Dozens of startups have jumped into the weight-loss market this year as weight-loss drugs, including Wegovy and Ozempic, have exploded in popularity.
However, investors and analysts believe that only a few companies have what it takes to make it big in the market, and next year may determine which one comes out on top.
As uncertain insurance reimbursements and drug shortages continue to plague startups prescribing these GLP-1 drugs, investors are hesitant to back more companies focused on writing these prescriptions, especially early-stage startups. Instead, venture capital firms told Business Insider that the healthcare companies best positioned to capitalize on the weight-loss drug craze have been around for years and already have large platforms.
The few companies with enough cash and brand recognition to withstand Ozempic’s distribution challenges, WeightWatchers, Noom and Ro, can expect to compete for market dominance next year.
“These companies are already at scale, and now there’s a race around who’s going to win,” said Sari Kaganoff, director of consulting at Rock Health.
How do the heavyweights compare?
WeightWatchers stands out from Noomi and Ro with its 60 years of experience. In March, the company announced the acquisition of GLP-1 prescription platform Sequence, bringing the conversation about Ozempic’s business to the big leagues.
WeightWatchers had 4 million paying subscribers in the third quarter of this year, generating $203.5 million in revenue during the period. Sequence’s revenue is just a fraction of that, with $10 million in orders in the third quarter.
But WeightWatchers announced that it has invested in weight-loss drugs by launching its own behavioral program for patients, Ozempic, in December. The company says the new program complements weight loss prescriptions given through Sequence integration or the patient’s primary care physician. WeightWatchers stock jumped 10% after the announcement.
Like WeightWatchers, Noom has been firmly established in the weight loss market since 2008. The startup, which focuses on psychology-based weight loss with behavioral coaching, most recently raised $540 million in Series F funding in 2021 at a $3.7 billion valuation.
Noom faced significant operational challenges last year when it underwent three rounds of layoffs between April 2022 and January 2023. The startup quietly launched a program prescribing GLP-1s at the beginning of the year, BI reported in March. Noom then publicly announced the program in May.

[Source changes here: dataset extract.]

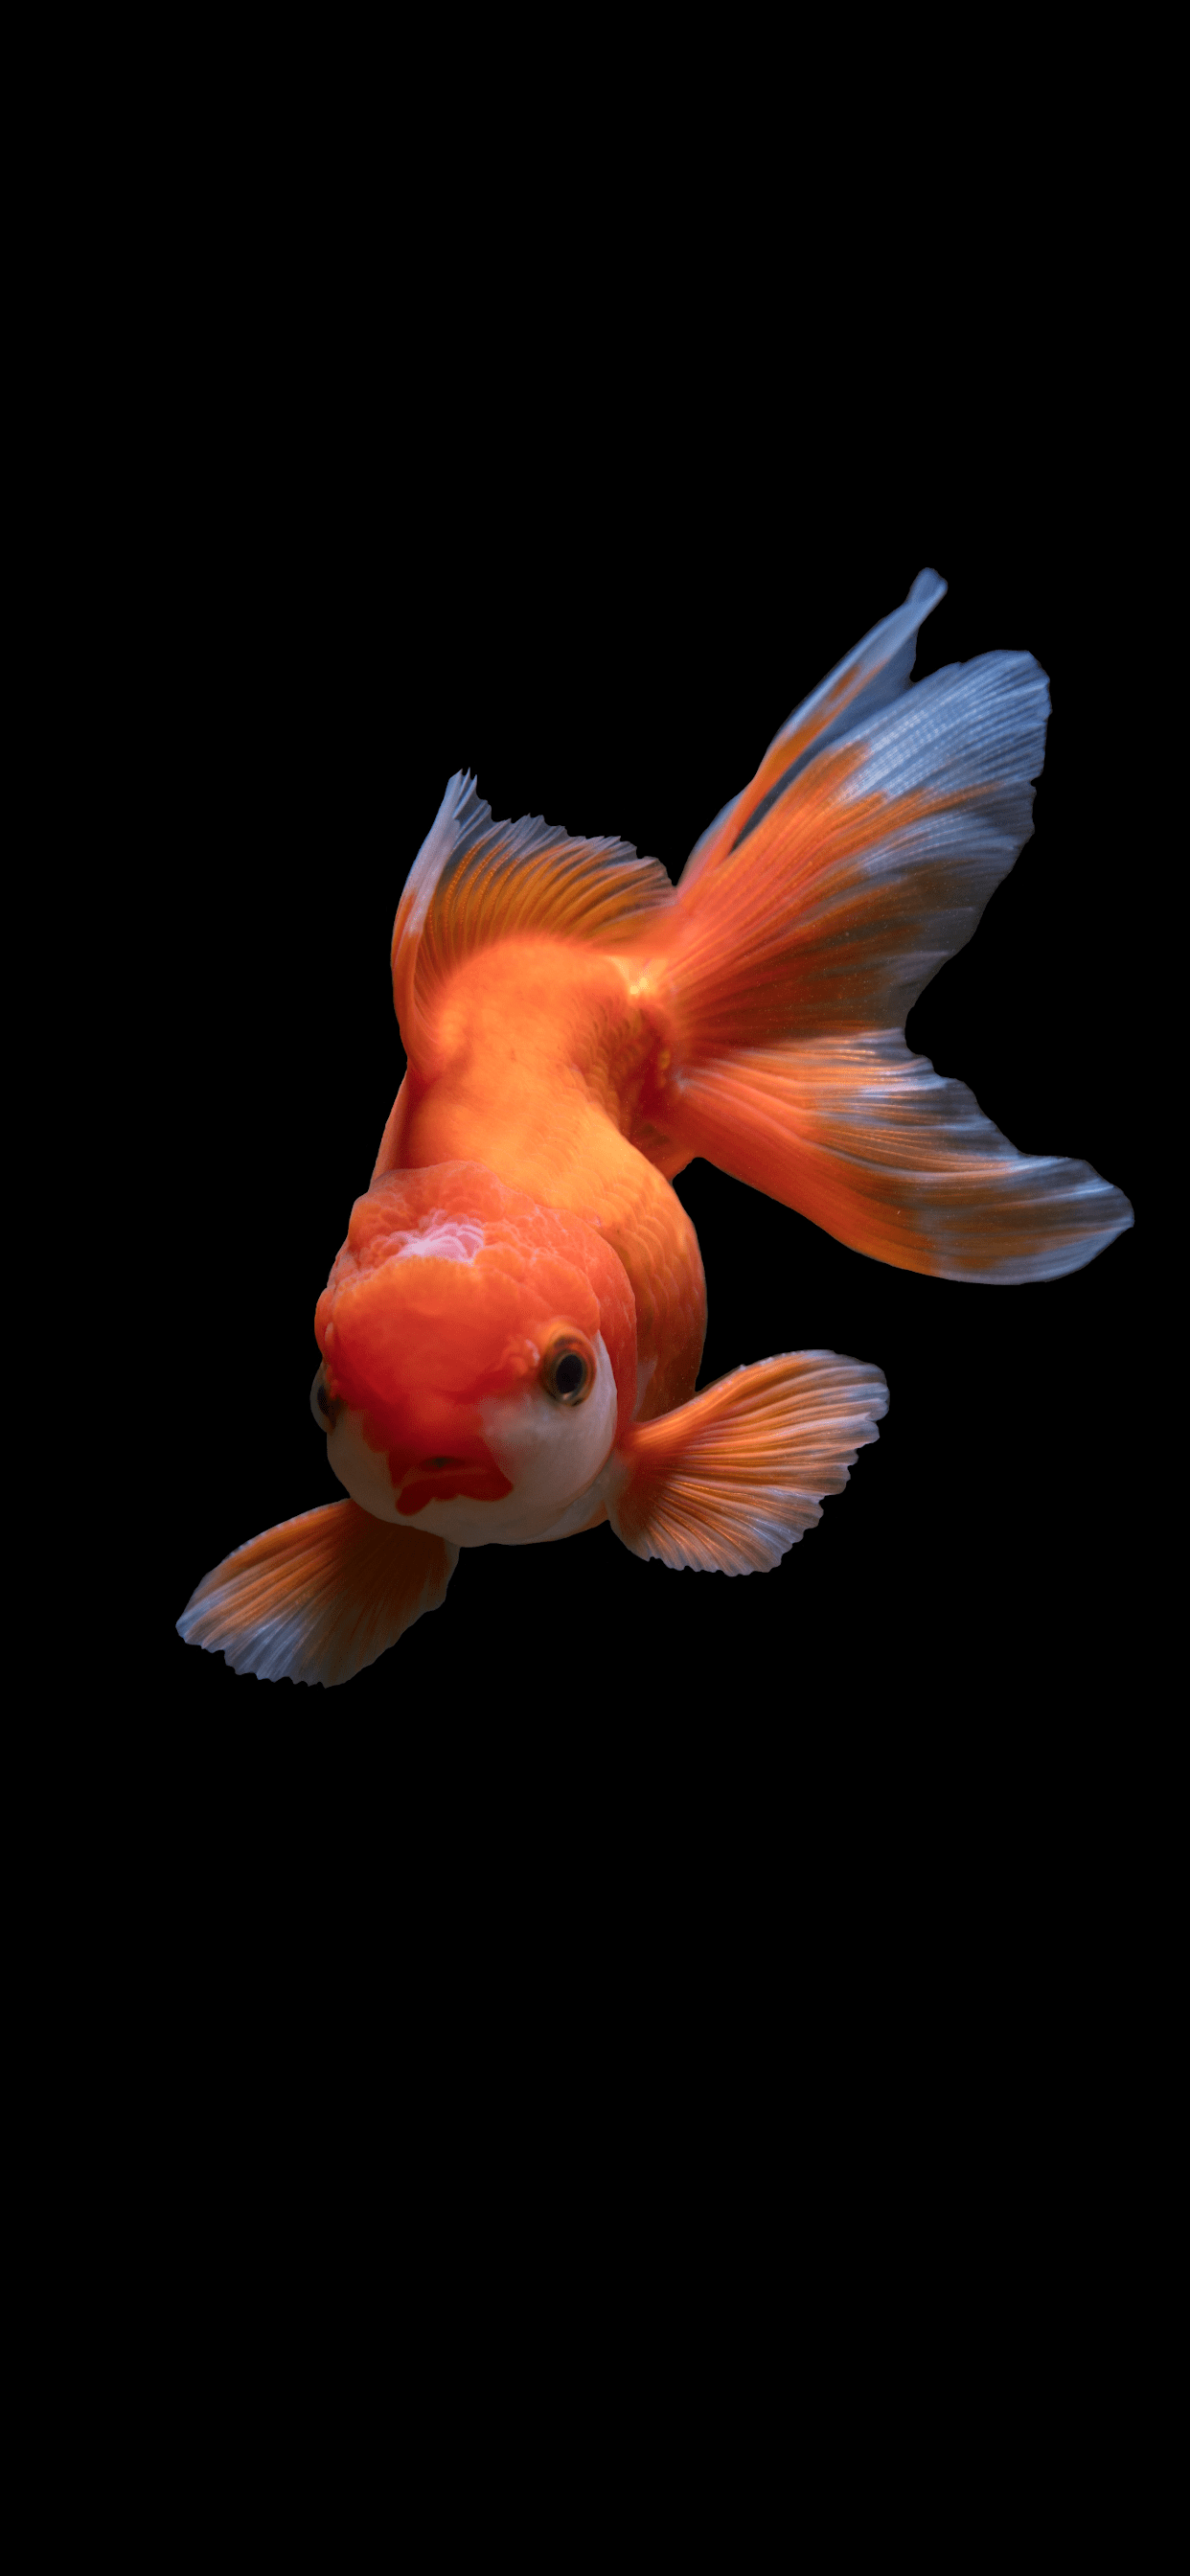 Fish Wallpaper for iPhone Pro Max, X, 6

Although Noom is the best-funded healthcare startup focused exclusively on weight loss, it’s not clear how many patients the company has or how its GLP-1 prescription program has fared against market challenges.
Ro, on the other hand, offers treatment for various diseases outside of obesity. The startup made its name by prescribing erectile dysfunction drugs online and most recently raised $150 million in February 2022 at a whopping $7 billion valuation.

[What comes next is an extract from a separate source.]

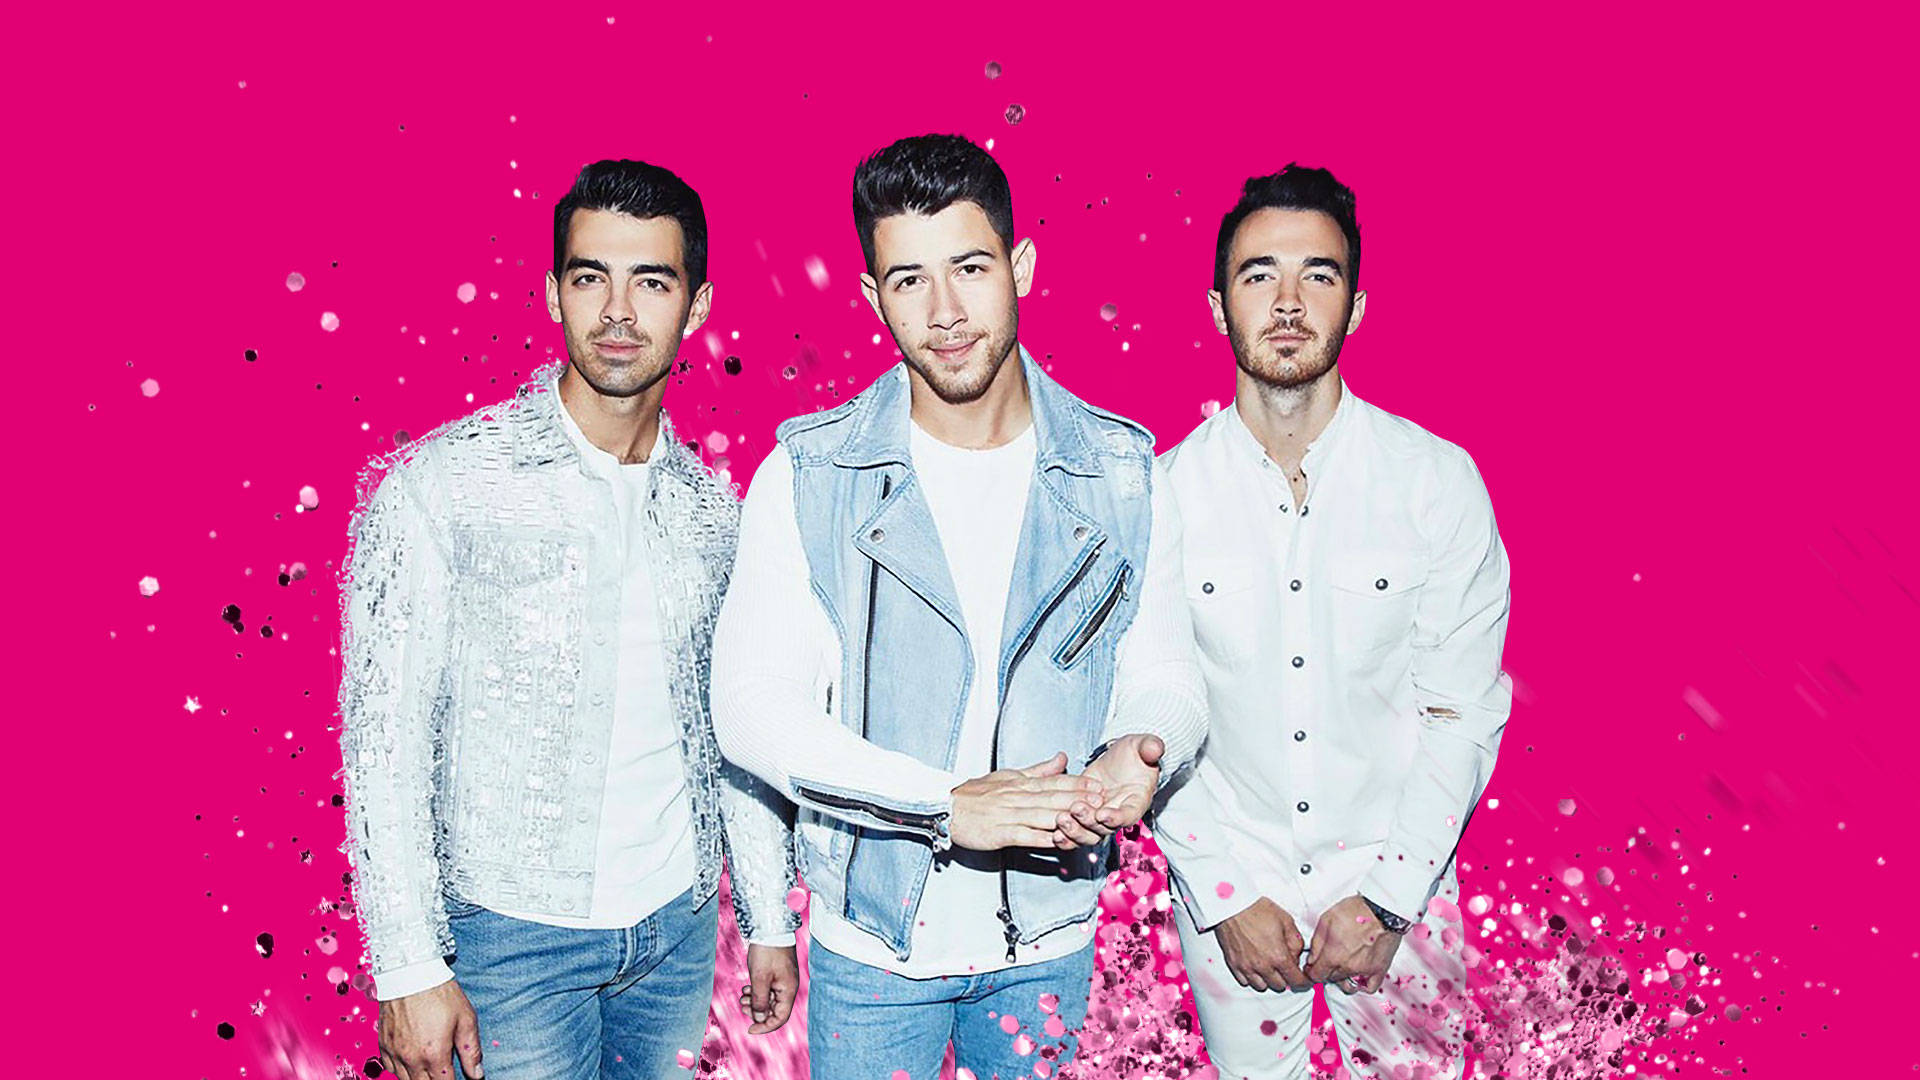 Jonas Brothers Pink Aesthetic Poster Background

Ro launched its own weight-loss drug prescription program in January. The startup faced many challenges as it grappled with the new care model, with many patients complaining of delayed responses from Ro providers or difficulty getting drugs, BI reported in June.
Still, former employees told BI at the time that it showed early signs of being Ro’s fastest-growing program ever. Ro told BI in December that it has continued to improve the program since launch.
Data and trades decide who wins
As patients, health plans and employers grapple with the high costs of GLP-1 drugs, companies that can demonstrate their approach produces long-term weight loss will have an advantage next year, analysts told BI.
Clinical studies show that most patients regain most of the weight lost during GLP-1 treatment when they stop taking the medication. Kaganoff said some companies make bets that they can get people to lose weight and keep it off, but seem to lack the data to back up the claim.
“Right now most companies say they can do it, they think they can do it, but they haven’t necessarily published robust peer-reviewed studies,” he said.
Next year, the most important thing for these companies will be to collect and analyze real-world data from their patients.
In particular, contracts with employers and health plans could rely on this data as evidence of companies’ ability to save payers money. Noom and WeightWatchers both offer their platforms directly to patients and through employers and health plans, while Ro only sells its services to patients online.
Startups like Noom and Ro could also be shopped next year if their programs don’t gain enough traction, said Aaron DeGagne, healthcare analyst at PitchBook Data.
“Many companies will benefit from this opportunity. The market is there, it’s growing, companies are benefiting,” Kaganoff said. “It’s just tricky to tell who has the right model and the right operator team to do the long haul.”